Simple formula for vaccine decisions prior to international travel.

First, gather information about current disease incidence in the city, province, or specific area of a country on your itinerary.

Second, decide if the risks from vaccines for this disease outweigh your risk of exposure and significant illness.

Third, determine whether the vaccine’s efficacy is high enough to warrant risking its side effects.

Your decision is made.

Vaccines prior to travel fall into three general categories:

1. routine vaccines normally given in childhood that may have lapsed or you never received

2. exotic vaccines recommended for travel to specific countries

3. required vaccines for entry into specific countries (Yellow fever is the only vaccine currently in this category.)

Information about international disease incidence and recommended vaccines for travel can be obtained at the following websites: This is the official website of the CDC that contains an extensive section for travelers’ health. Information includes disease incidence by region, recommended vaccines, and extensive information about the vaccines. A private company, Shoreland, Inc., maintains this site of health conditions and recommendations, country by country.

For questions about disease incidence in specific areas you are visiting, call the CDC Traveler’s Health Hotline: 404 332-4559.

No vaccine is currently available in the US for cholera because of the limited duration of effectiveness produced by the vaccine.

Hepatitis A

Hepatitis A exists in many areas of the world where sanitation standards are relatively low. Transmission occurs through water contaminated with sewage. Travelers to North America (except Mexico), Japan, Australia, New Zealand, and developed countries in Europe are at no greater risk of infection than in the United States. But travelers to developing countries including the continents of South America, Africa, and Asia are at risk of contracting hepatitis A from contaminated water sources and raw foods. Traveling to rural areas and eating in settings with poor sanitation will increase the risk of contracting hepatitis A.

Three strategies exist for the prevention of hepatitis A.

First, avoid exposure. Do not drink the water, except safe, bottled water or boiled water. This includes brushing your teeth and ice in drinks. Peel all fruit, and do not eat salads or other raw foods. Do not buy food from street vendors. Do not swim in potentially polluted bodies of water.

Second, consider prevention with immune globulin (IG). This shot will provide protection against hepatitis A for up to 4-6 months. IG carries significantly less risk than the vaccine, and is probably more effective, though the duration of protection is limited. Protection also begins immediately following the injection. IG will provide more types of antibodies than those stimulated by the vaccines. IG can be used in infants. The vaccine, by contrast, cannot be used in anyone less than two years old.

Third, consider the hepatitis A vaccine. A single injection of vaccine will result in protective antibody titers after four weeks that persist for six months to one year.
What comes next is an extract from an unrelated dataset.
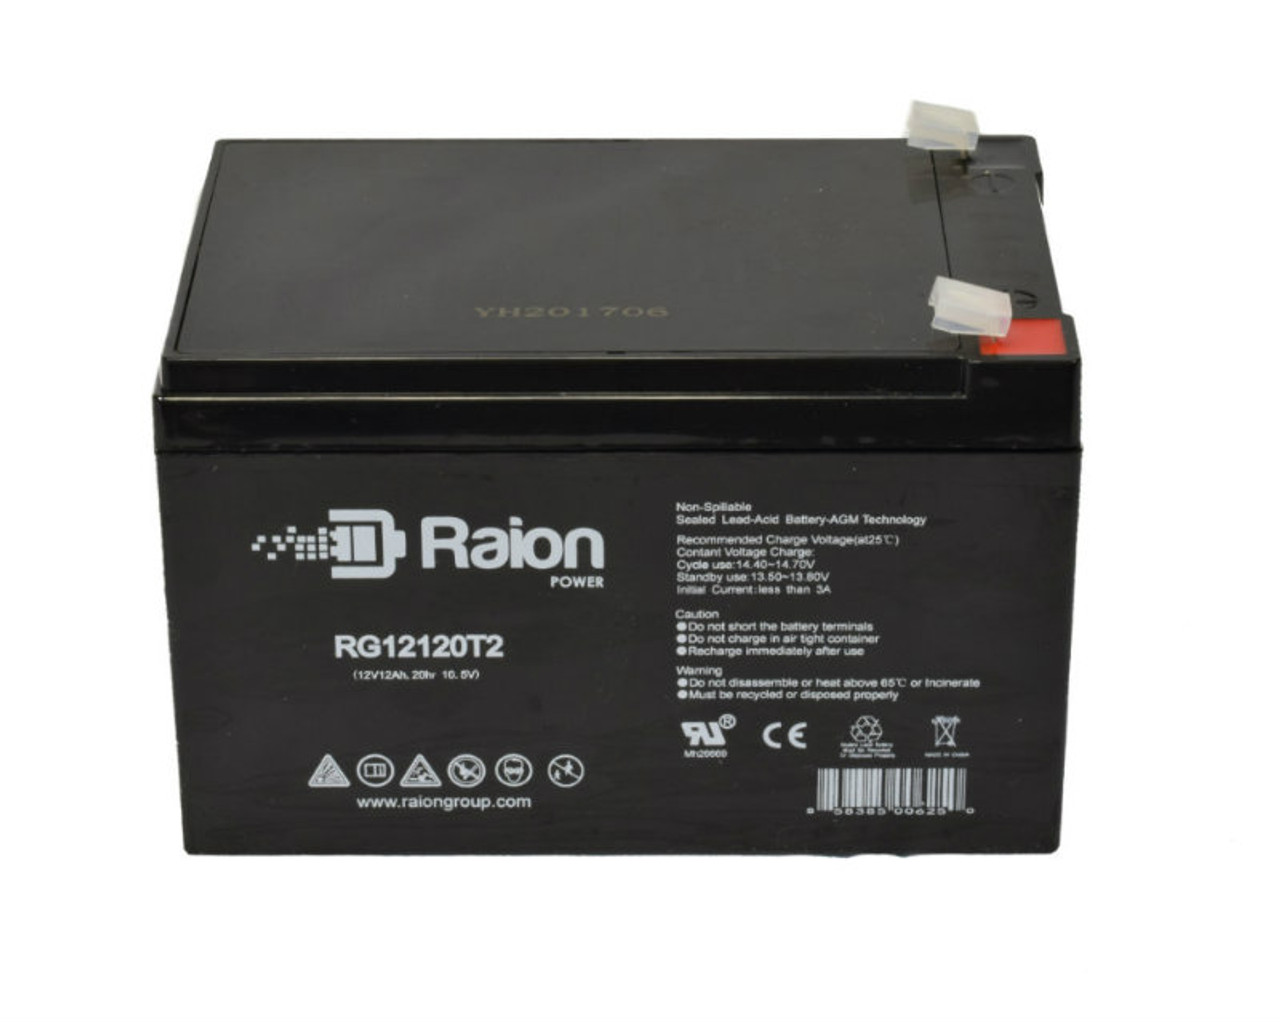 Raion Power RG12120T2 SLA Battery for Merits Health Products _P-321_(1P) Wheelchairs

It is estimated that 95 to 100 percent of young, healthy adults develop protective levels of antibodies one month after vaccination. A booster dose 6-12 months later will produce protection that persists for up to ten years. In older adults the vaccine is less effective. In one study, only 70 percent of vaccine recipients aged 40 to 65 years developed adequate antibody responses compared to 91 percent of recipients 18 to 39 years old after a single dose of vaccine (Reuman et al., 1997). If travel is scheduled less than four weeks following vaccination, protection may not be adequate to prevent infection. No studies have been published that evaluate protection in travelers vaccinated less than two weeks prior to travel.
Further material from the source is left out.